- Occupations: Barber surgeon, doctor
- Years active: fl. late 17th century (from 1697)
- Known for: First official female surgeon in Polish history
- Medical career
- Profession: Surgeon
- Field: Surgery; dentistry; ophthalmology;
- Institutions: Wieliczka Salt Mine
- Sub-specialties: Traumatology, cataract removal, wound dressing

= Magdalena Bendzisławska =

Polish surgeon

Magdalena Bendzisławska ( late 17th century) was a Polish doctor and surgeon for miners of the Wieliczka Salt Mine and their families. She is considered the first official female surgeon in Polish history.

== Life and work ==
Magdalena was the wife of Walenty Bendzisławski, a Barber Surgeon working at the salt mine in Wieliczka near Kraków in southern Poland. The couple lived next to the mine where workers routinely suffered from many kinds of injuries, contusions and fractures and came to the barber for medical attention. Magdalena began as her husband's assistant as he tended to patients as a doctor and surgeon.

She advanced through all career levels and completed three years of internship during her husband's lifetime. With her training, she became a half-companion and then a companion in the barbers' guild. When her husband died, she took over his business, which was a common course of action at the time, but she decided to do the barbering work herself, breaking with tradition and not employing a barber-journeyman to perform the actual procedures. Officially, she obtained the right to practice her profession by virtue of a royal diploma issued by King Augustus II the Strong on 6 October 1697. The privilege admitted that she was a surgeon perfect in her craft and had the right, knowledge and skills to take over her husband's duties as a saltworks doctor.

In 1698, she took advantage of the presence of the Visiting Commission in the mine and applied for confirmation of the right to practice her profession. She presented two privileges: one granted to her husband in 1694 and one granted to her in 1697. The commission granted her the rights and privileges of a member of the barbers' guild. She had to complete several steps: take an oath; present a set of tools (a box with razors, scissors, combs, tooth forceps, dental tweezers, a jar of leeches and others) and demonstrate the ability to make ointments and dressings; and know anatomy and be able to use medicines for internal injuries. In her professional practice, she performed dental, surgical and ophthalmological procedures, such as removing cataracts and foreign bodies from the eye. She also immobilized fractures, removed teeth, dressed wounds and performed bloodletting.

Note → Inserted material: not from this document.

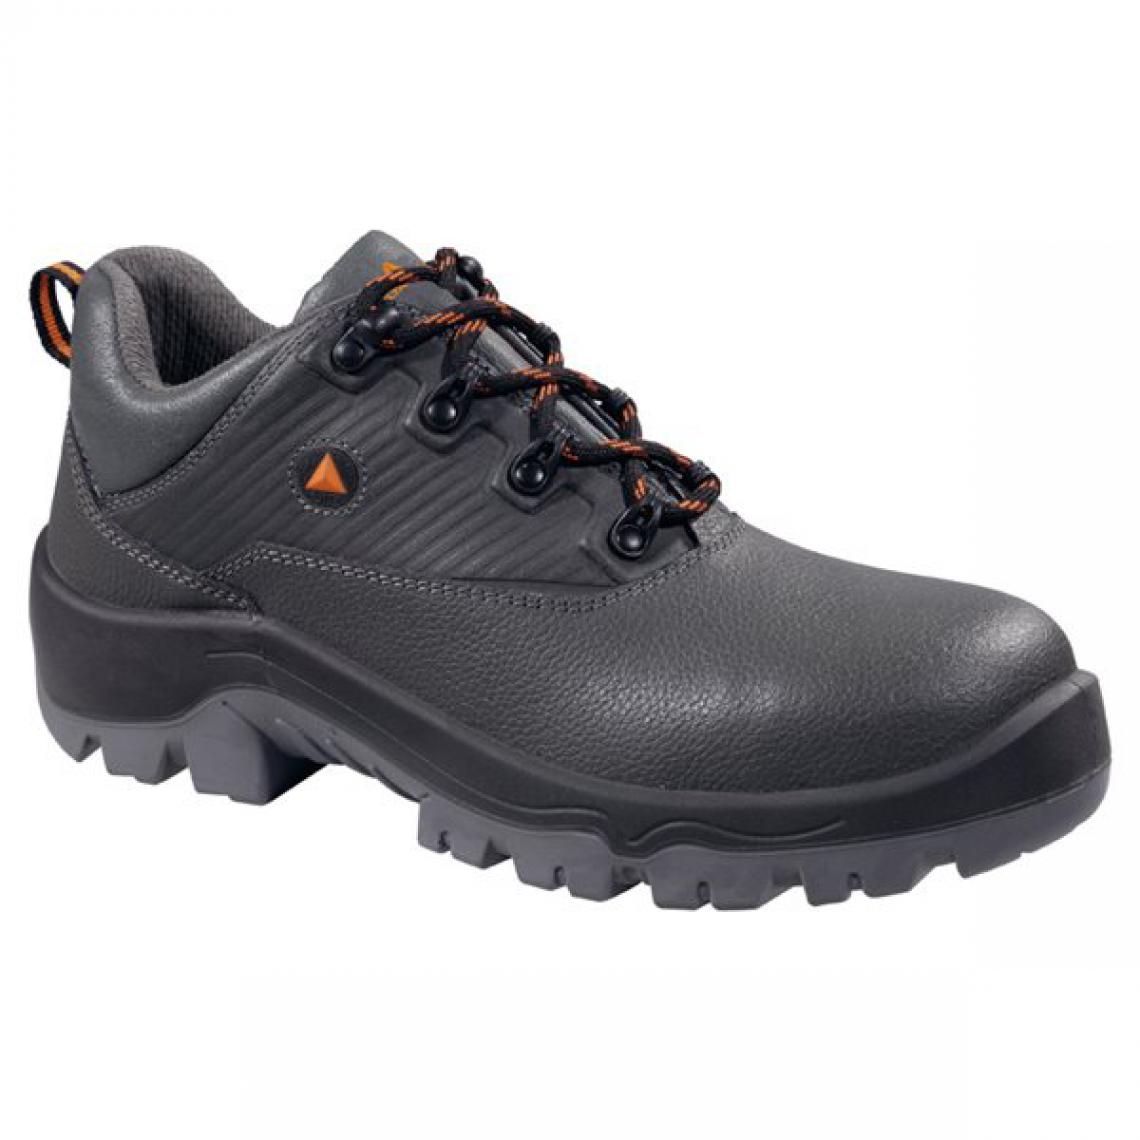 Panoply - Chaussures de sécurité et travail pour homme Paire basse en cuir gris Norme EN345 SRC S3 Taille - 39 - Equipement de Protection Individuelle

She was the first woman in Poland to obtain a surgeon's diploma and the first barber known by her given name and surname.

== Commemorations ==
- In 2011, the Magdalena Bendzisławska medal was established to be awarded to distinguished oral surgeons. It was designed by medalist Małgorzata Kotówna and constructed in Kraków. The winners have included: Jadwiga Stypułkowska (2011), Maria Panaś (2018), Grażyna Wyszyńska-Pawelec (2019).
- On 25 May 2012, a plaque commemorating Bendzisławska was unveiled in the salt mine in Wieliczka.
- In 2021, the comic book Karolina and Klara was published titled Medallion of Time by Sebastian Frąckiewicz and Anna Krztoń. One of the heroines is Bendzisławska. The comic book was published by the Kosmos dla Girls Foundation. Before the book version was released, the comic book was published in the magazine Kosmos dla Dzieciek. Bendzisławska also appears in Anna Dziewitt-Meller's publication Lady, Girls, Girls. History in a Skirt (2020).
- In 2021, the Superhero Academy card game about Polish scientists, prepared by Tomasz Rożek as part of the Superhero Academy project, was released with Bendzisławska as one of its heroines.